TASK DESCRIPTION
Only the pictures are dropped. Restate each line below word for word.

SUPPLIED DATA
────

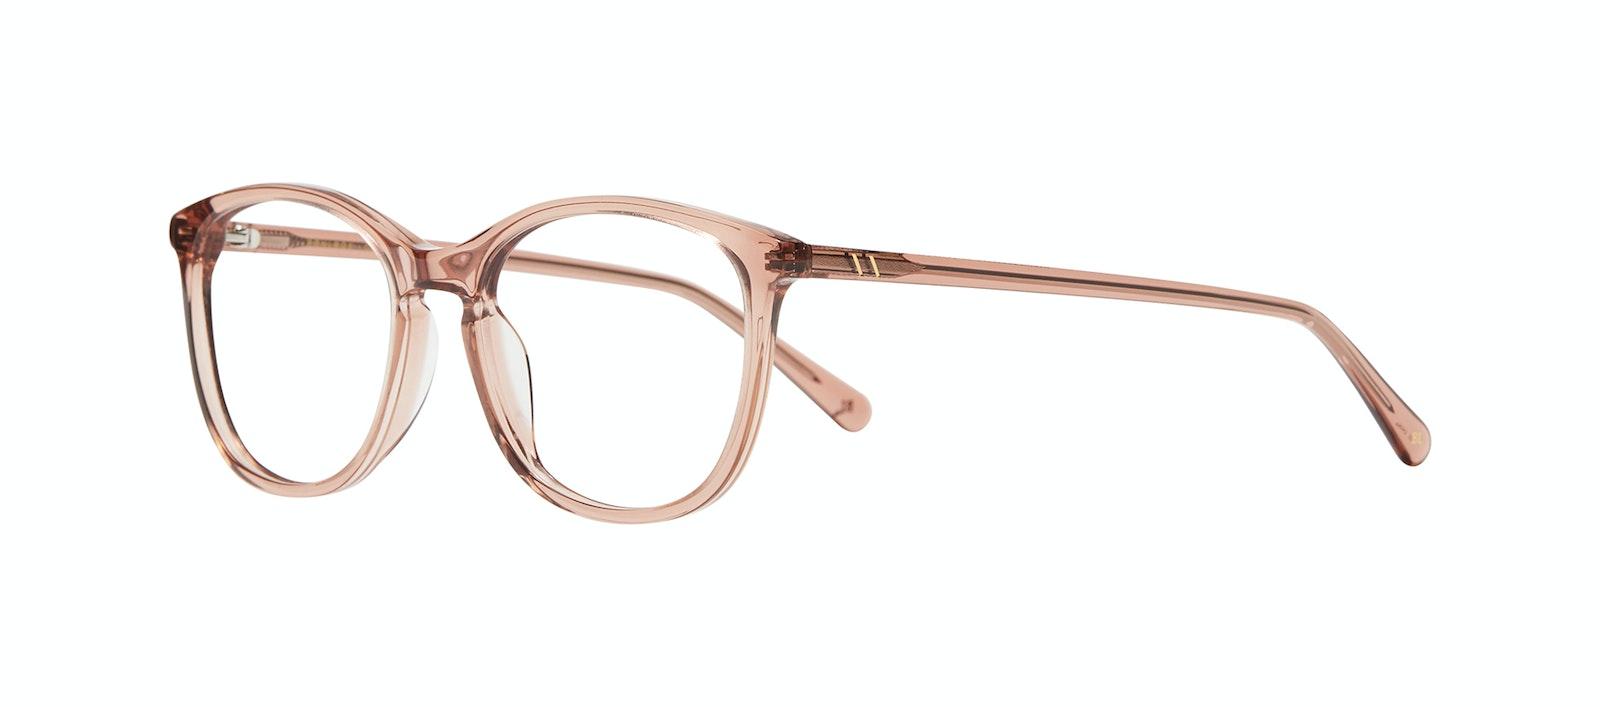 Affordable Fashion Glasses Rectangle Square Round Eyeglasses Women Nadine XL Rose Tilt
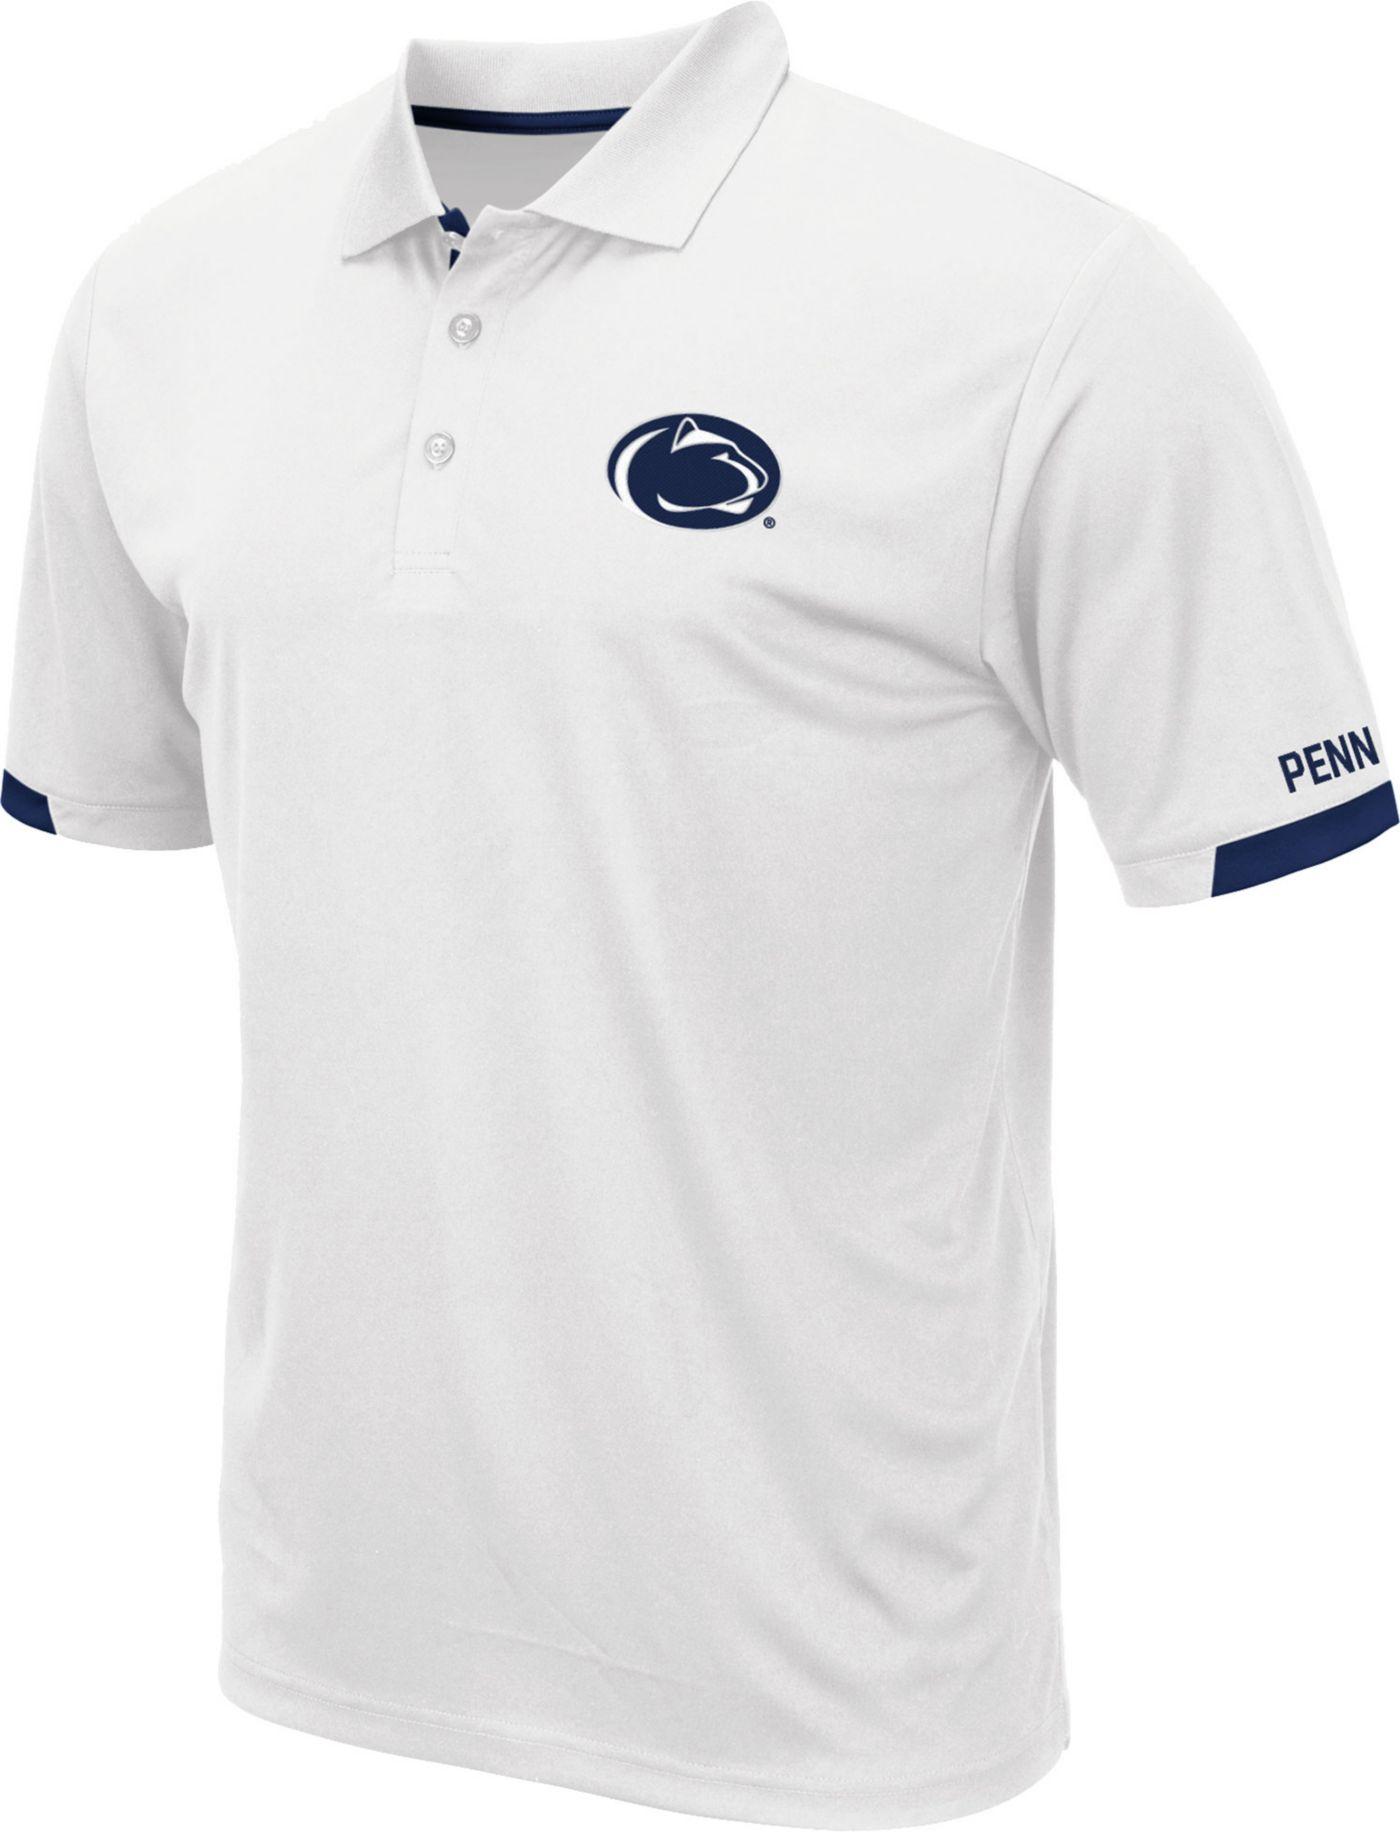 Colosseum Men's Penn State Nittany Lions Fairway White Polo
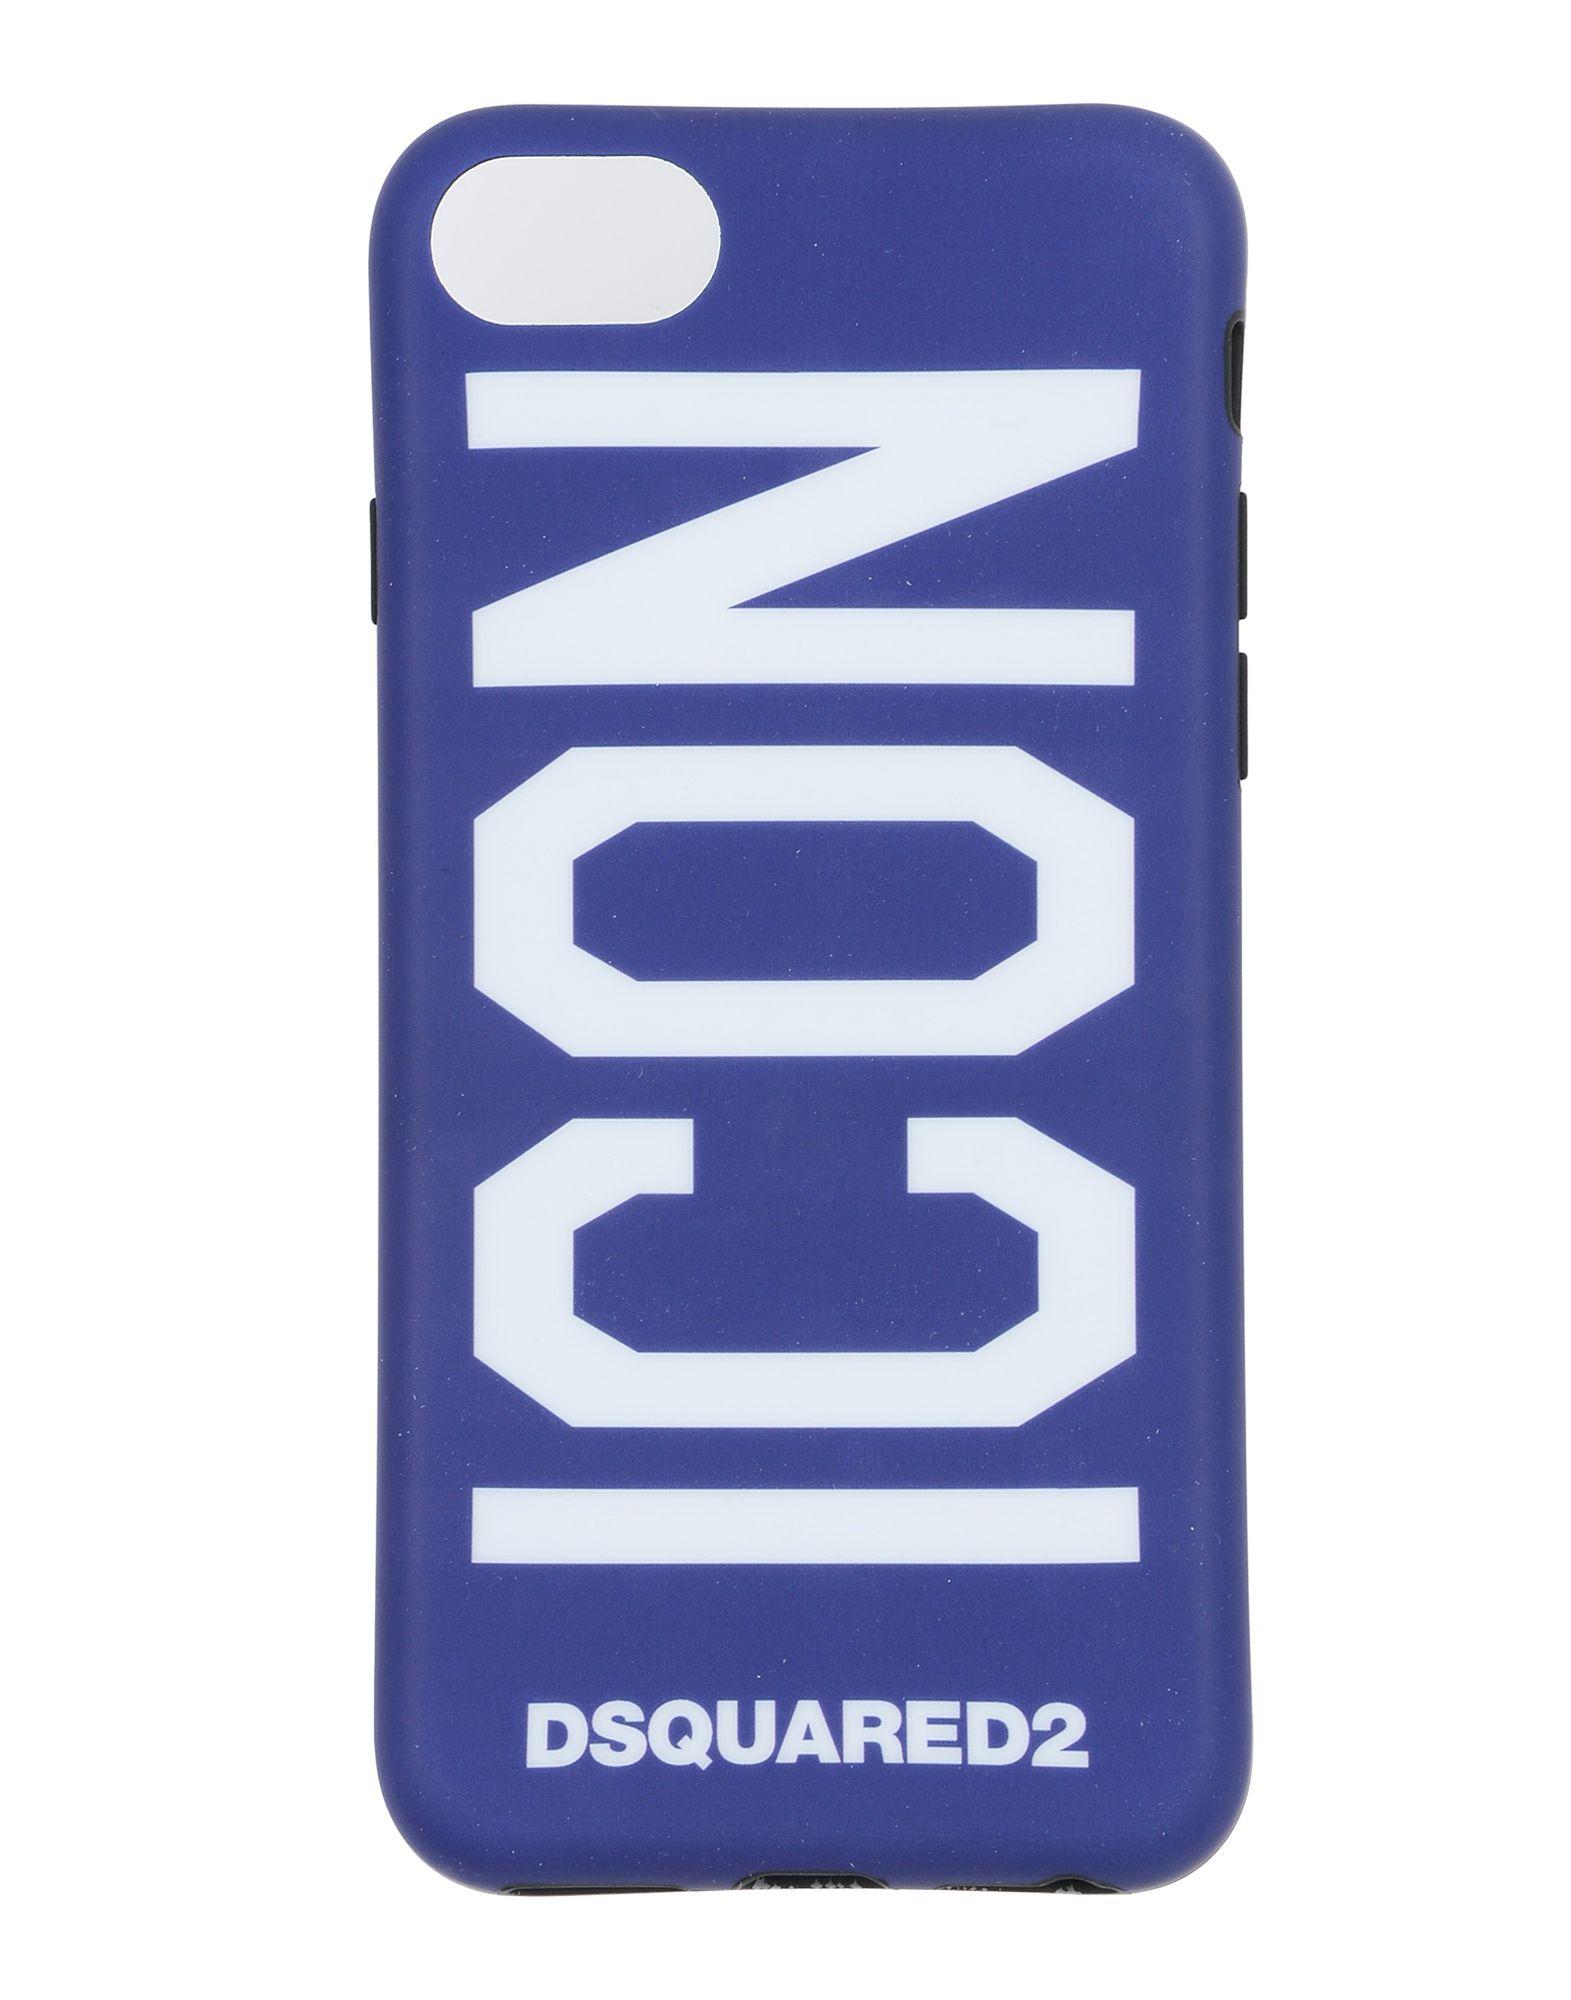 Фото - DSQUARED2 Чехол аксессуар чехол аккумулятор red line для apple iphone 6 6s 7 power case 6000 mah gold ут000010676

────

ANSWER AREA
 Affordable Fashion Glasses Rectangle Square Round Eyeglasses Women Nadine XL Rose Tilt
 Colosseum Men's Penn State Nittany Lions Fairway White Polo
 Фото - DSQUARED2 Чехол аксессуар чехол аккумулятор red line для apple iphone 6 6s 7 power case 6000 mah gold ут000010676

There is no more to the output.